I am buying a Ruger Super Redhawk .44 Mag and wanted some info on the  best scope to put on it and what I should look for?  Also, can I buy an all-in-one base or is two-piece the only option?  Thanks.


----------



## Jim Ammons

I have a super redhawk and I installed a one piece B square base with a Tasco pro-point red dot scope and 30mm rings. When I purchased mine it came with rings that mount onto the frame of the pistol.  Scope I was going to use would not fit rings so I opted to go this route.


----------



## Handgunner

For the first year or so, I used a Tasco PDP3 red-dot on my S&W 629.   I liked the quick sight acquisition, but didn't like the fact that I couldn't be precise with it.  Out past 50 yards or so, the dot covered up too much of the target and I found myself shooting at "deer" instead of "heart or lungs".

So, I went with a Leupold 2x EER.   I really liked it, and found it to be ideal for close range... The eye relief and sight picture were very forgiving, but again, out past that range, I couldn't be as precise as I wanted to be...

So, this past year, I went with a Bushnell Elite 3200 2x6 variable.  I love it!  At 100 yards, I can zoom it in and put the bullet exactly where I want... Then while hunting, I can put it on 2x and still have the forgiveness that the Leupold gave me at close range, and if the deer is further out, zoom in accordingly.

So, the variable gave me the best of both worlds.

Go to a gun store, pick a few out and go outside and look through them, play with them, etc... Pick whichever one you're most comfortable with and can afford.


----------



## deerslayer357

can't go wrong with a Leupold 2X EER.  however, at 100 yards a gallon milk jug looks like a coke can at 25.


----------



## dertiedawg

I have a Simmons Pro Hunter 2-6 variable on mine and it is great (have put several thousand rounds through the gun with this scope and no issues so far). I shoot to 100 yards very well with it and use a shooting stick. I have taken deer out to 75 yards with it so far and it does a great job. The variable scopes are slightly heavier than the fixed though. I use the same rings that came with it and remove the scope often and never have to site it back in as it stays dead on. Good luck with your new piece.


----------



## Buckhead

Another vote for the 2 power Leupold or any fixed 2.  I have a 2 power Pentax (Burris) on my 10 inch .44 Contender barrel.  The 2 power allows quick target acquisition, doesn't black out too bad and is easy to hold steady.  With a .44 mag, it isn't like you are shooting over 100 yds anyway, so you really don't need much magnification.


----------



## beatski

deerslayer357 said:


> can't go wrong with a Leupold 2X EER.  however, at 100 yards a gallon milk jug looks like a coke can at 25.

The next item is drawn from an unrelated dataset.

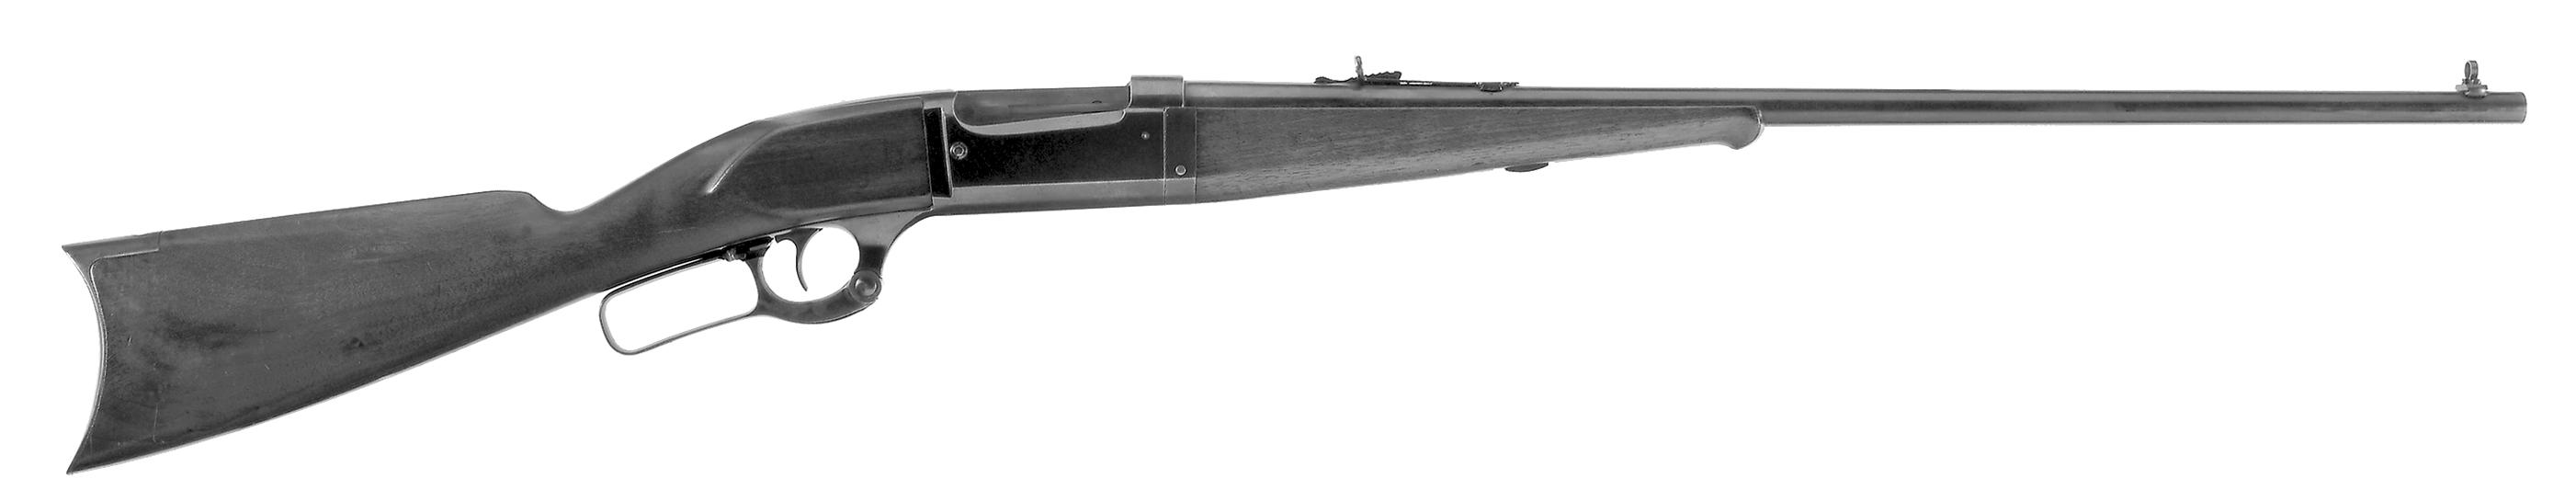 Model 1899-A 26

I am glad to find your site - now I know what a good one looks like.
Very good topic to share with us. Great info.


----------



## HandgunHTR

I used a Swift 4X scope on my .44 Encore for many years and I liked it.

I shoot open sights on my SRH now, but if I were to scope it, I would go with another 4X.
Wide enough for close work, but enough magnification for the 100 yard shots.


----------



## cww_jm

Thanks for all the advice.  I ended up getting the Ruger, but bought a Contender, too.  Too good a deal.  I think this handgun stuff is becoming adicting and I have yet to hunt!


----------



## Buckhead

cww_jm said:


> Thanks for all the advice.  I ended up getting the Ruger, but bought a Contender, too.  Too good a deal.  I think this handgun stuff is becoming adicting and I have yet to hunt!



You will like that Contender.  They shoot amazingly well.  I was reluctant at first, then I went to the range with a buddy of mine.  Bought a Contender the following week.  Generally speaking, you will not get the same performance or accuracy out of a revolver.


----------



## AliBubba

I have Leupold 2X on my .44 Rem Mag SRH. Love it!


----------



## Barry Duggan

2X Leupold gets my vote.


----------